How do I send requests to the Fikra API?
The core of the Fikra API is the Chat Completions endpoint. This endpoint accepts an array of messages and returns a model-generated response. It is engineered to map exactly to the OpenAI specification, allowing you to use existing open-source tooling, libraries, and frameworks out of the box.
HTTP Request Structure
To initiate a generation task, submit an HTTP POST request to our primary v1 router. Ensure your Content-Type is set to JSON.

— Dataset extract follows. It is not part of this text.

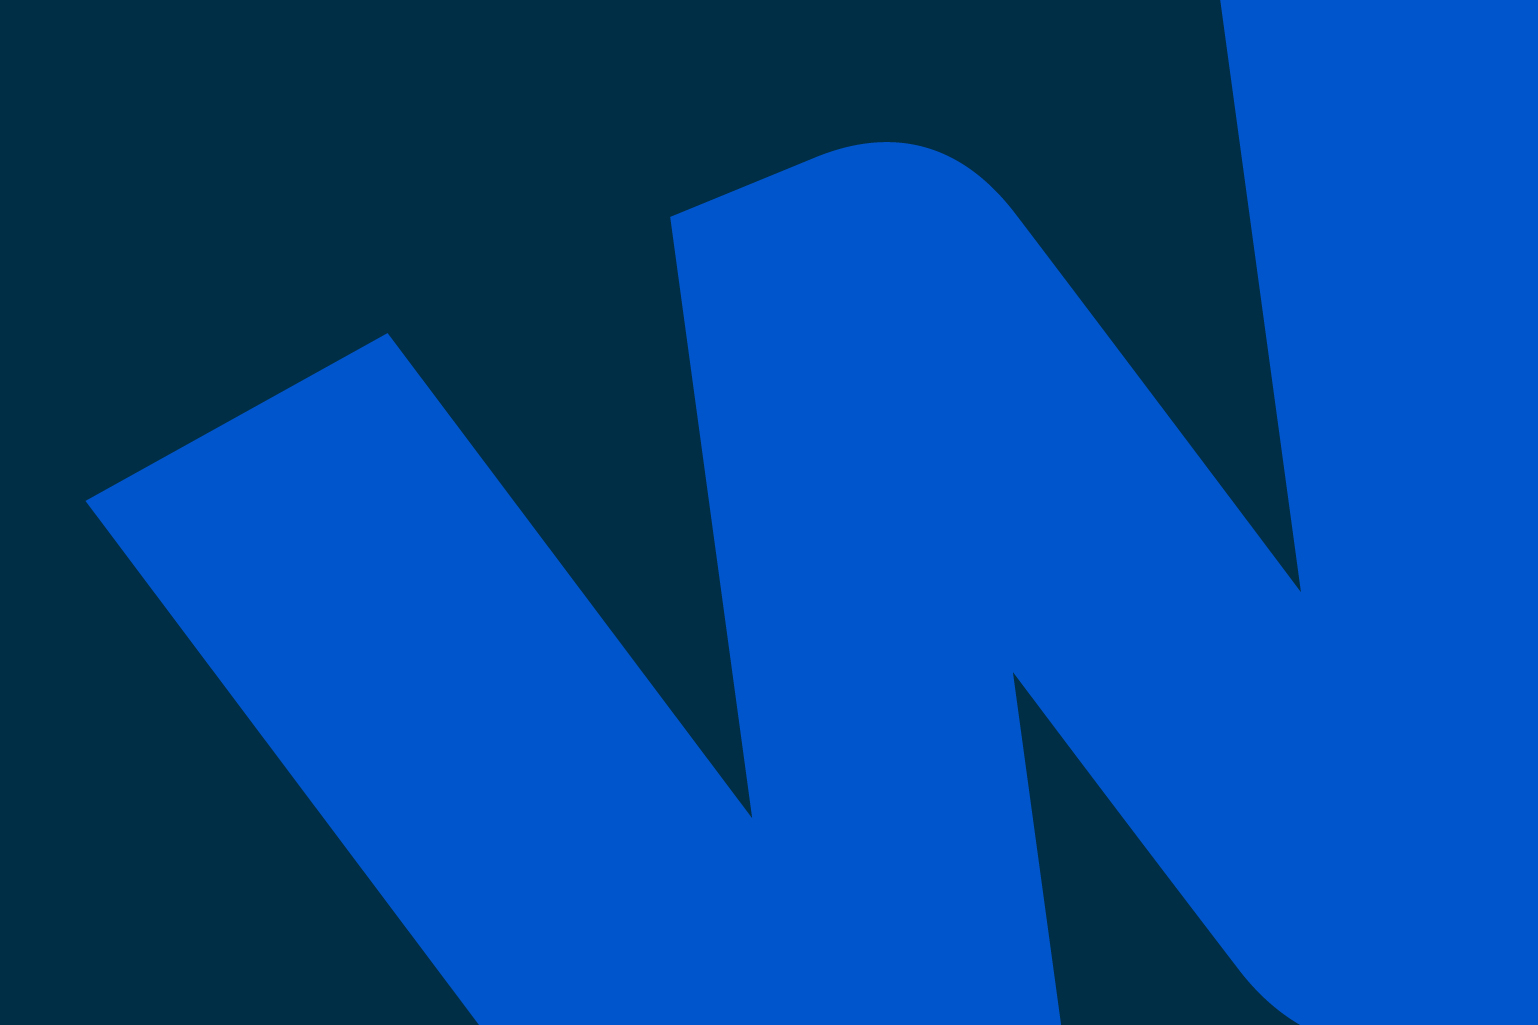 A bright blue letter W against a dark blue background.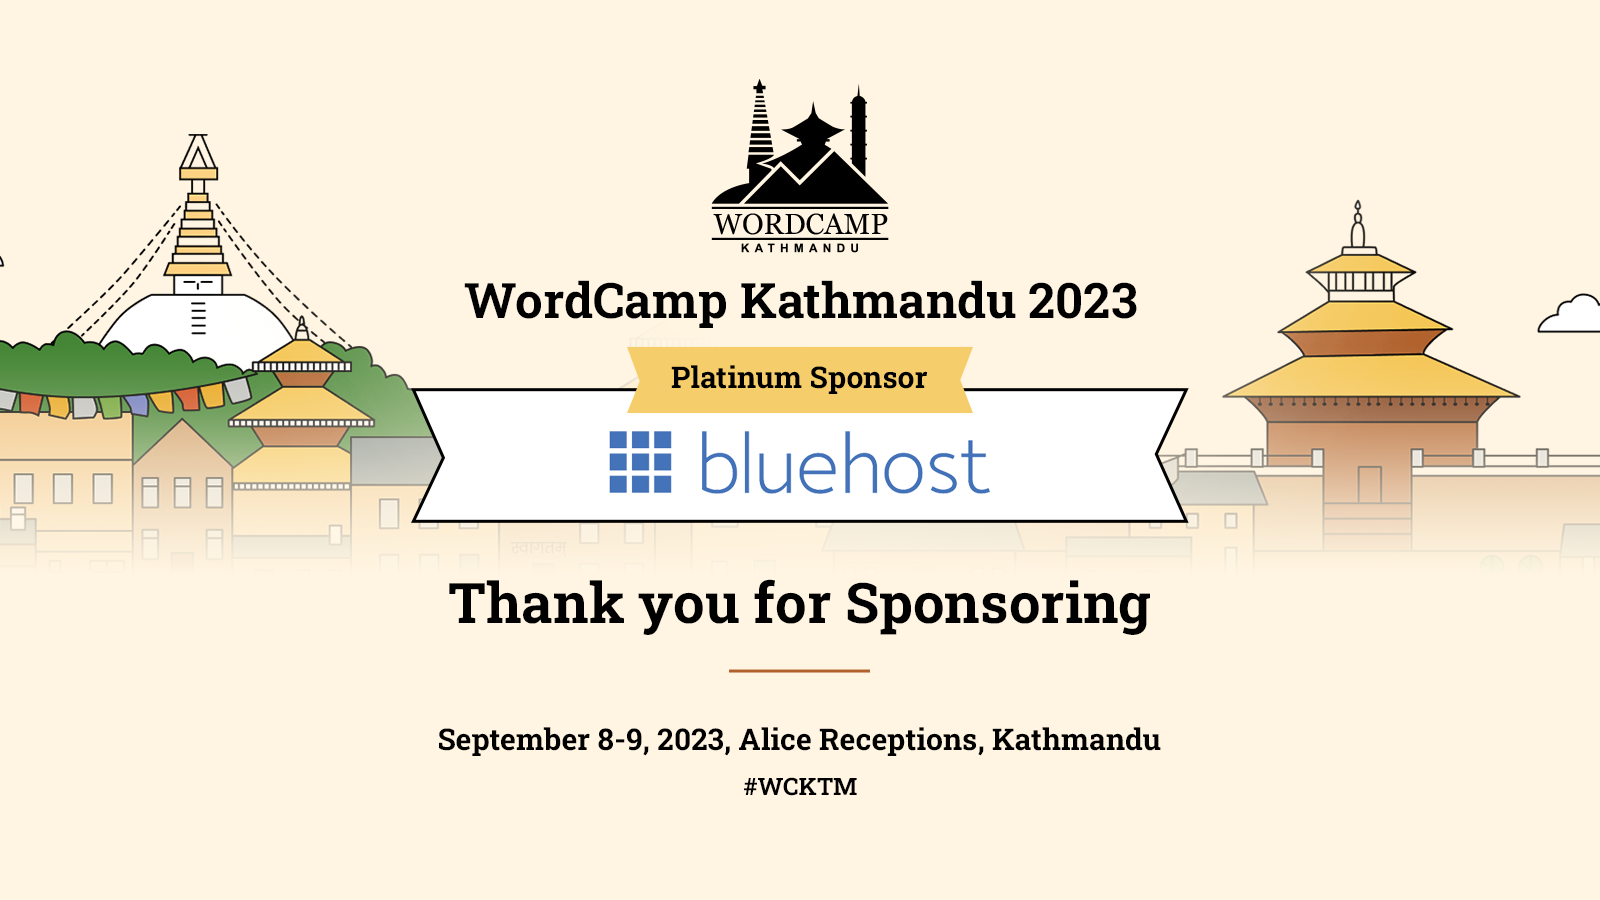 Thank you Bluehost for sponsoring

| Endpoint | POST https://api.fikraapi.co.ke/v1/chat/completions |
| Headers |
Content-Type: application/json Authorization: Bearer fk_live_... |
What parameters does the JSON payload accept?
Your request body must be a valid JSON object. While Fikra API supports extended OpenAI parameters, the following core parameters dictate the behavior, speed, and output formatting of the underlying inference NPU.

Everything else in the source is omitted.